Reading and writing data with the fileio module

FieldTrip has a flexible way of supporting dataformats. It uses three wrapper functions that provide a common interface to all electrophysiological file formats: ft_read_header, ft_read_data and ft_read_event. Other data that is commonly used in electrophysiological analysis such as anatomical measurements can be read with ft_read_mri, ft_read_sens and ft_read_headshape. Furthermore, ft_read_vol can be used for reading EEG and MEG volume conduction models of the head, and neuronal spiking data can be read with ft_read_spike.

All these ft_read_xxx functions automatically detect the file format and subsequently will call the appropriate low-level function for each file format. Some of the low-level functions are written by ourselves, some are supplied by the manufacturers and some are obtained from other open source toolboxes.

The objective of supplying the low-level EEG and MEG reading functions as a seperate module/toolbox are to

  1. facilitate the reuse of the ft_read_xxx functions in other open-source projects (e.g. EEGLAB, SPM)
  2. facilitate the implementation and support for new data formats, esp. for external users/contributors
  3. facilitate the implementation of advanced features without complicating the standard use

A list of the data formats that are supported is given here. The low-level reading functions are combined in the fileio module, which is released together with FieldTrip but can also be downloaded here as a separate and fully self-contained MATLAB toolbox.

The fileio module contains high-level functions that are publicly available for the end-user. The functionality of the functions within this module depends on low-level functions for reading particular data formats from varying aquisition systems and are not available for the end-user and combined in a private directory.
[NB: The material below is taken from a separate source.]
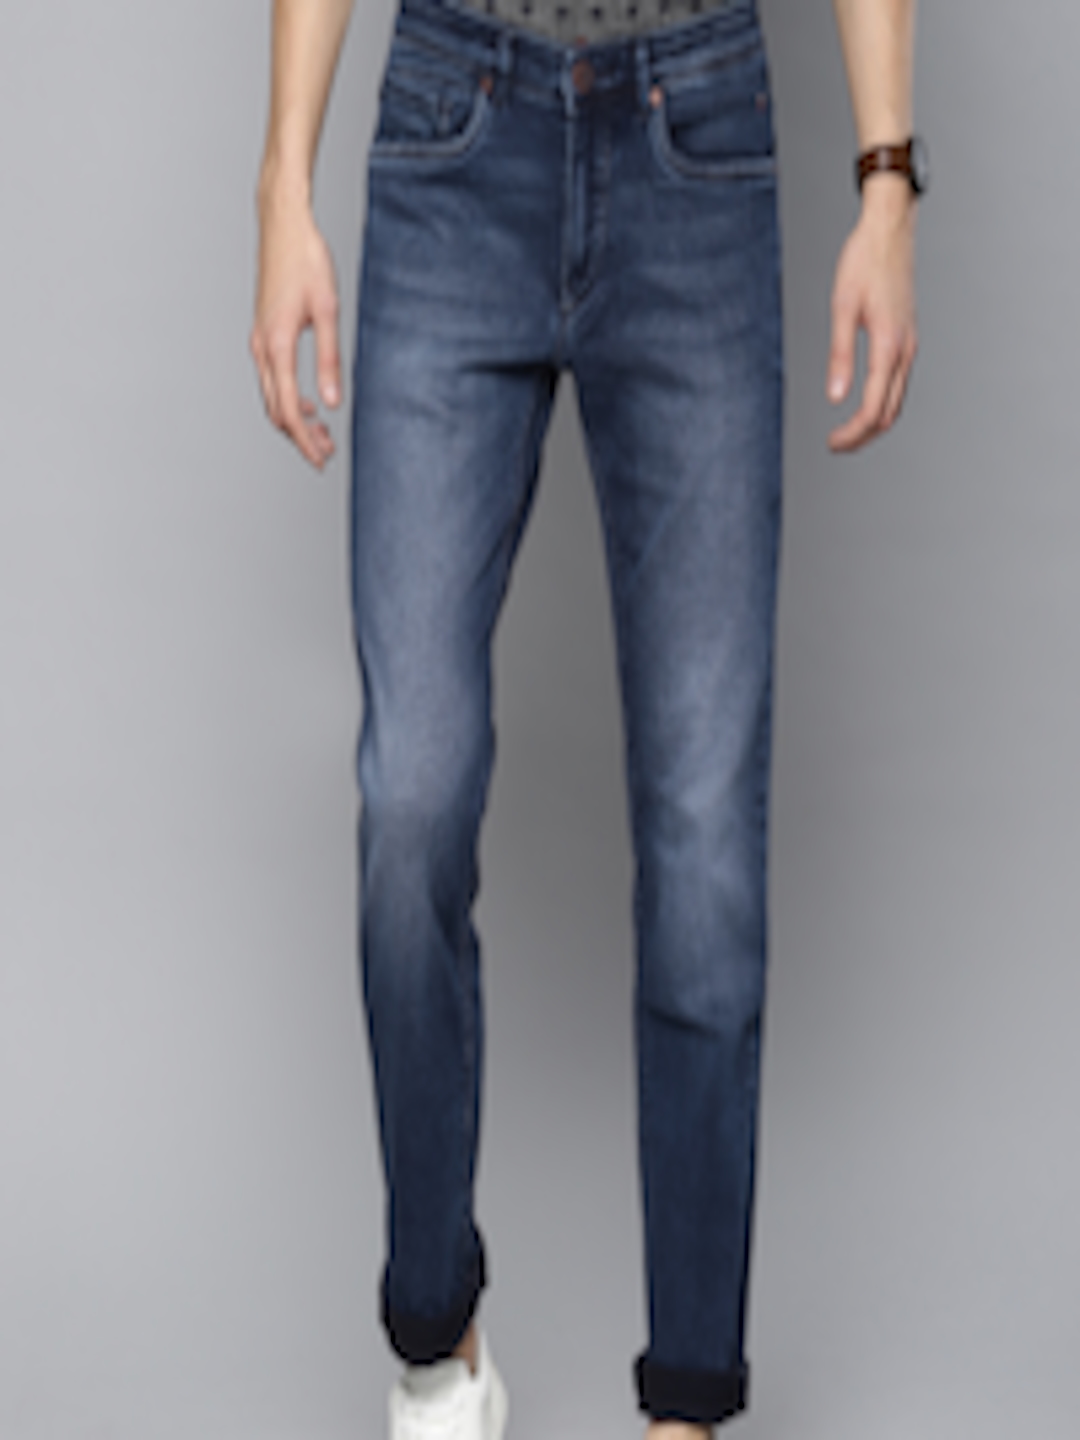 Buy Louis Philippe Jeans Men Blue Matt Slim Fit Low Rise Clean Look Stretchable Jeans - Jeans ...

The remainder of this page mainly describes the core features for reading electrophysiological data. The other functions for reading sensor sensor information, headshapes, anatomical MRIs and spikes are pretty much self-explanatory.

The following features are implemented in the fileio module

  • the API for the functions is transparent to the data format
  • adding support for new file formats require only little change to the existing functions
  • the data is returned in a 2-D array (Nchans x Nsamples), or in a 3-D array (Ntrials x Nchans x Nsamples)
  • the header information is represented in a structure that is common to all data formats
  • the event information is represented in a structure that is common to all data formats

Other options that have been suggested, but that are not implemented yet are

  • supporting data in multiple files (i.e. an EEG session with a break in the acquisition)
  • storing the file identifier in the header (prevent fopen+fseek for reading each block)
  • downsampling on the fly, support for different sampling rates in one dataset
  • re-reference EEG data while reading in, and/or add the implicit reference channel
  • instead of specifying a refchan, use a complete linear projection matrix (c.f. LDR in neuroscan)
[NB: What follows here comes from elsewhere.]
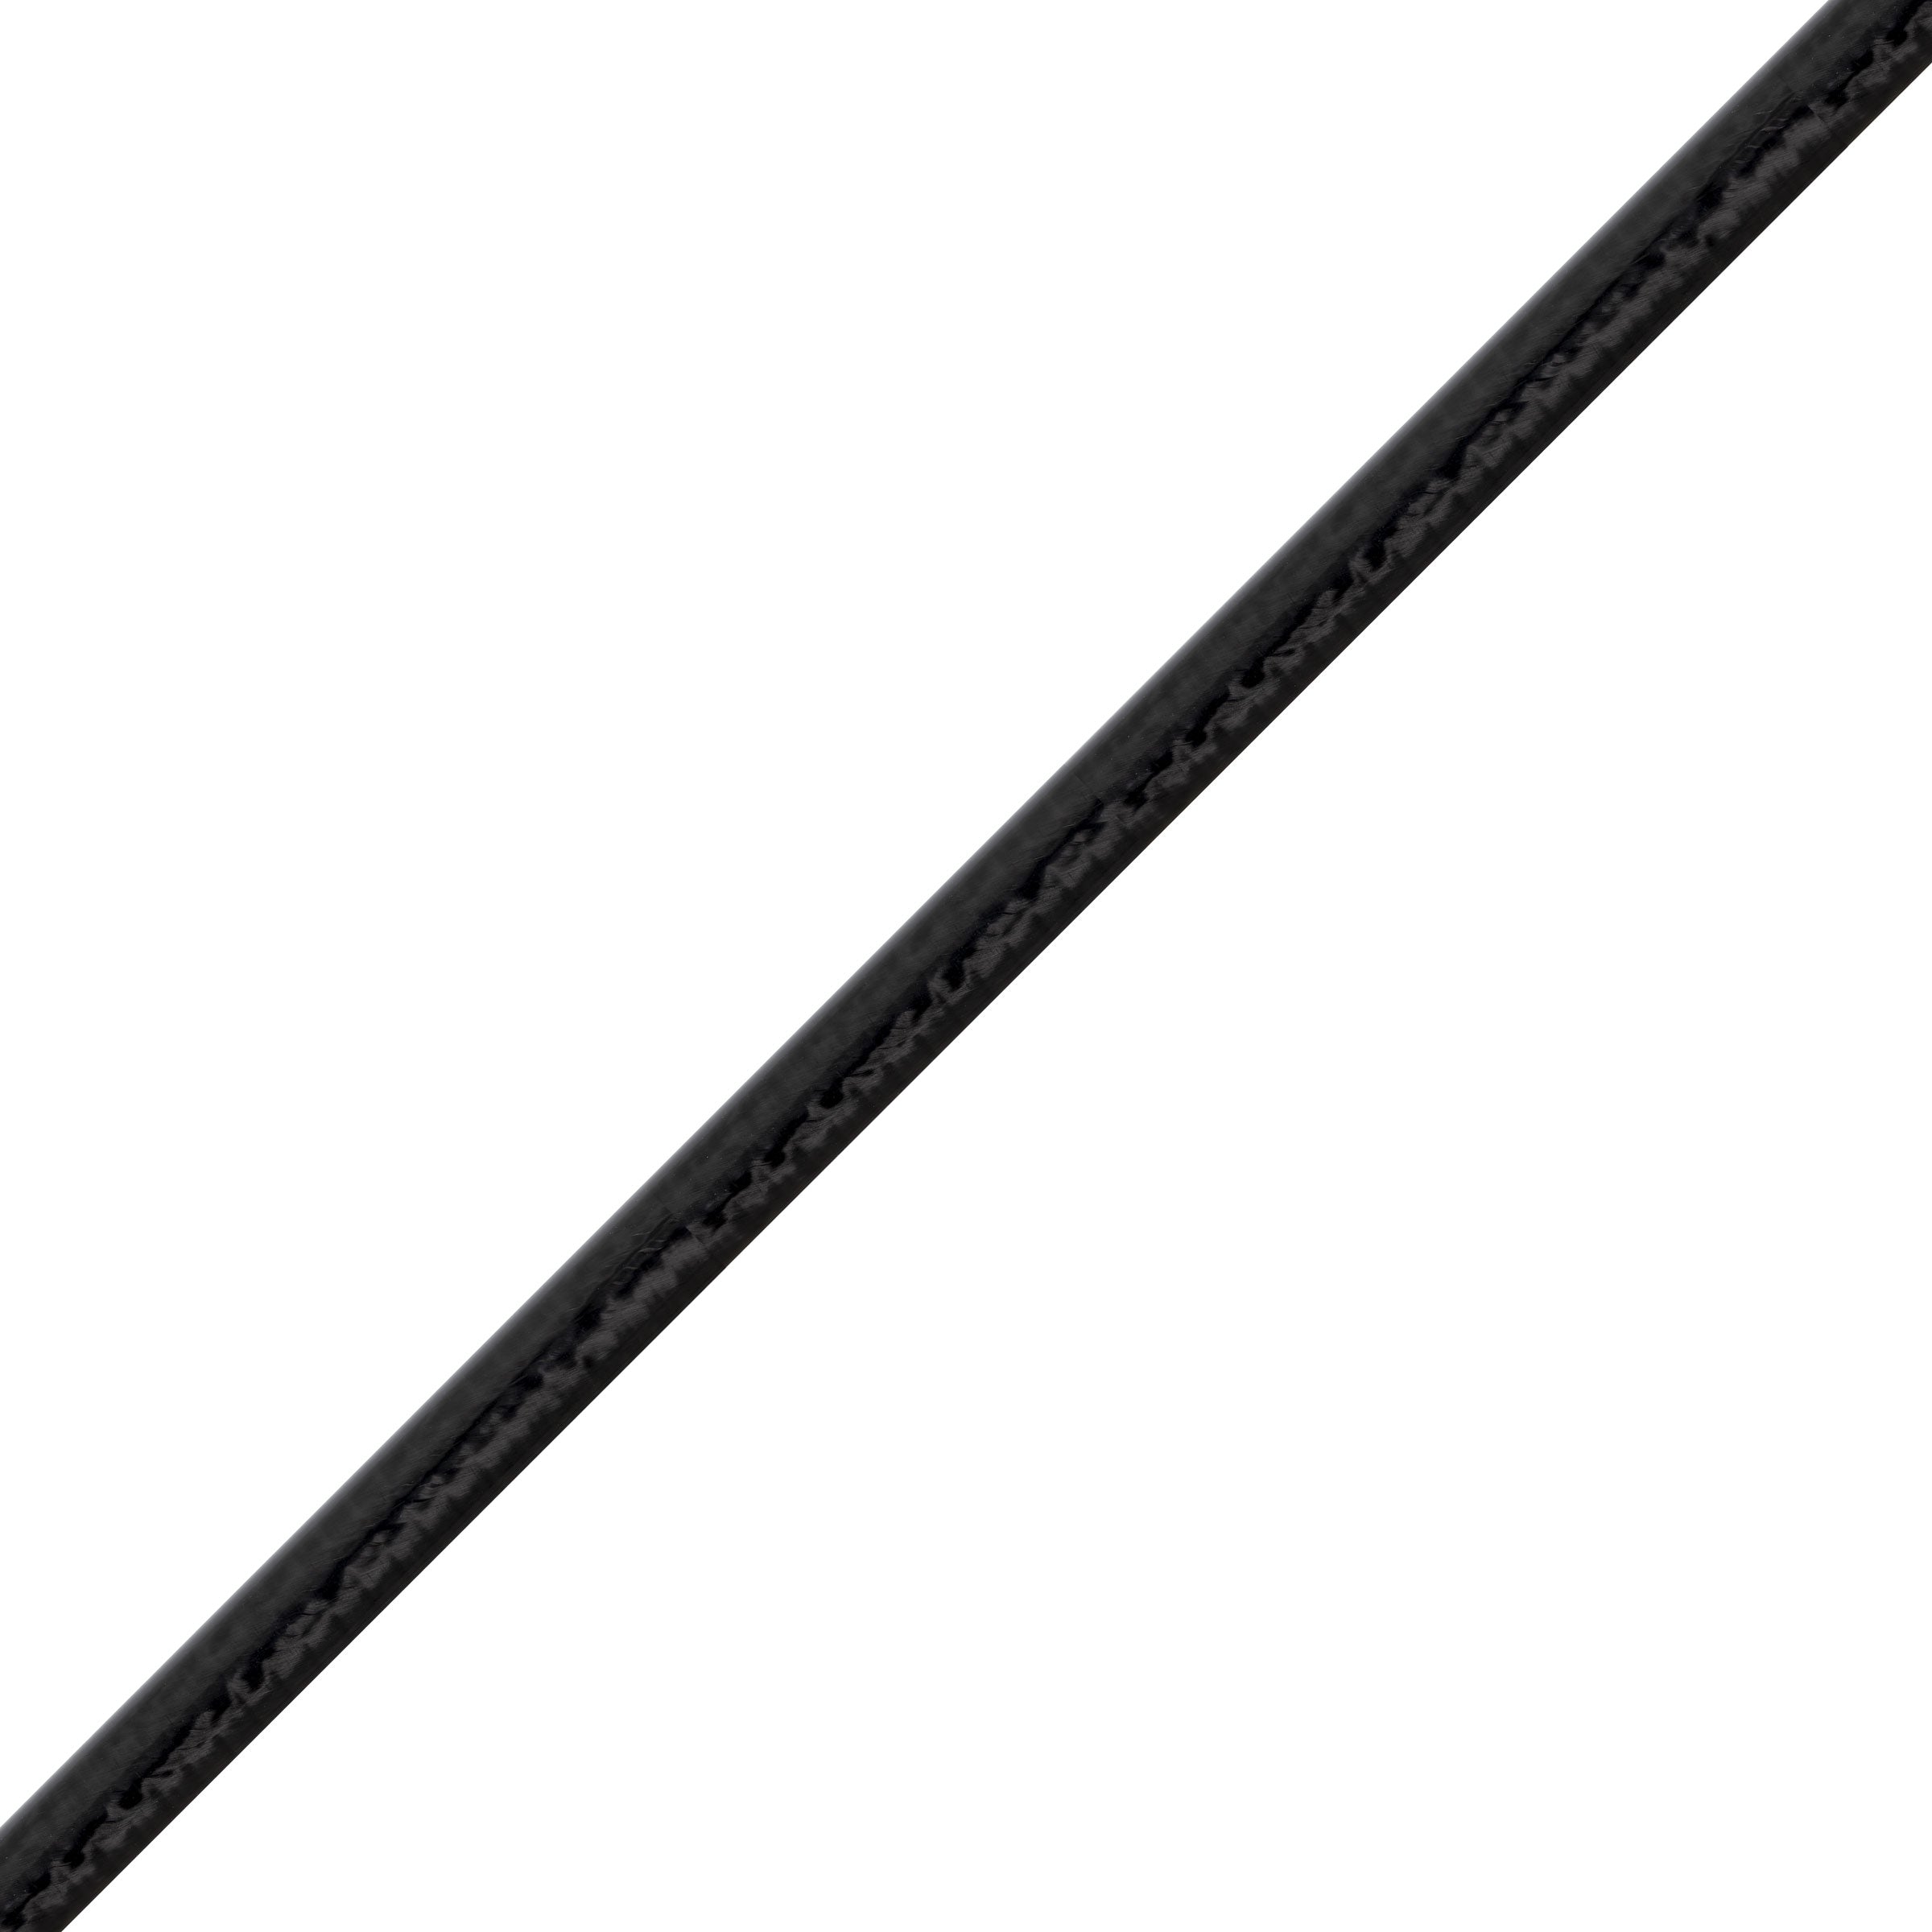 Titan Long Fall / Stick Bait Rod Blank 7'10" Heavy - TJX-L710H-B

The API allows for reading header information, event information, and blocks of data. The API consists of two parts: a clearly defined function call, and a clearly defined output of that function call.
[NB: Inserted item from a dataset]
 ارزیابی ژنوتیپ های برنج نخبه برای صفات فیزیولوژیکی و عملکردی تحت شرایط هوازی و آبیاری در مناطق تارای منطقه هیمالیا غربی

hdr    = ft_read_header(filename)    % returns a structure with the header information
event  = ft_read_event(filename)     % returns a structure with trigger information 
dat    = ft_read_data(filename, ...) % returns a 2-D or 3-D array with the data

The data-reading function has additional variable input arguments for selecting segments and channels.

The motivation for separating the reading into header/event/data is (among others) inspired by the CTF and by the BrainVision data formats. Based on the header, you want to decide how to approach reading the data, i.e. read everything for an average ERP, read an epoch for trial-based data, read a segment for continuous data. Based on the events (triggers and such), you want to decide which segments of data to read, i.e. read a pre/post-stimulus data segment around each trigger. These decisions are part of the FieldTrip/SPM/EEGLAB/enduser code.

Header format

In order to make the API transparent to the final application, the header structure by default only contains those elements that are common to all file types

  • sampling frequency
  • number of samples
  • number of trials
  • number of channels
  • channel labels

Additional header information that is present for only specific file formats is stored in a substructure (“orig”). An example header for a CTF MEG dataset looks like this

hdr = 
          Fs: 600            % sampling rate in Hz
      nChans: 218            % number of channels, in this case 151 MEG channels  and some additional EEG channels 
       label: {218x1 cell}   % channel labels 
    nSamples: 6000           % number of samples per trial, in this case 10 seconds long
 nSamplesPre: 0              % baseline period in each trial
     nTrials: 49             % number of trials
        grad: [1x1 struct]   % details on the position and orientation of the MEG sensors 
        orig: [1x1 struct]   % the original CTF header structure

Data format

The electrophysiological data is returned as a Nchans X Nsamples matrix (for continuous data), or as a Nchans X Nsamples X Ntrials matrix (for trial based data).

Event format

The event structure allows for various events, that can be coded as numbers (trigger values) or as strings (annotations and trial classifications). Events have a location in the file (sample number) and may have a duration. In the end-user application, it should be easy to search for events of a particular type. Selected events should be used to fetch the data of interest from the file.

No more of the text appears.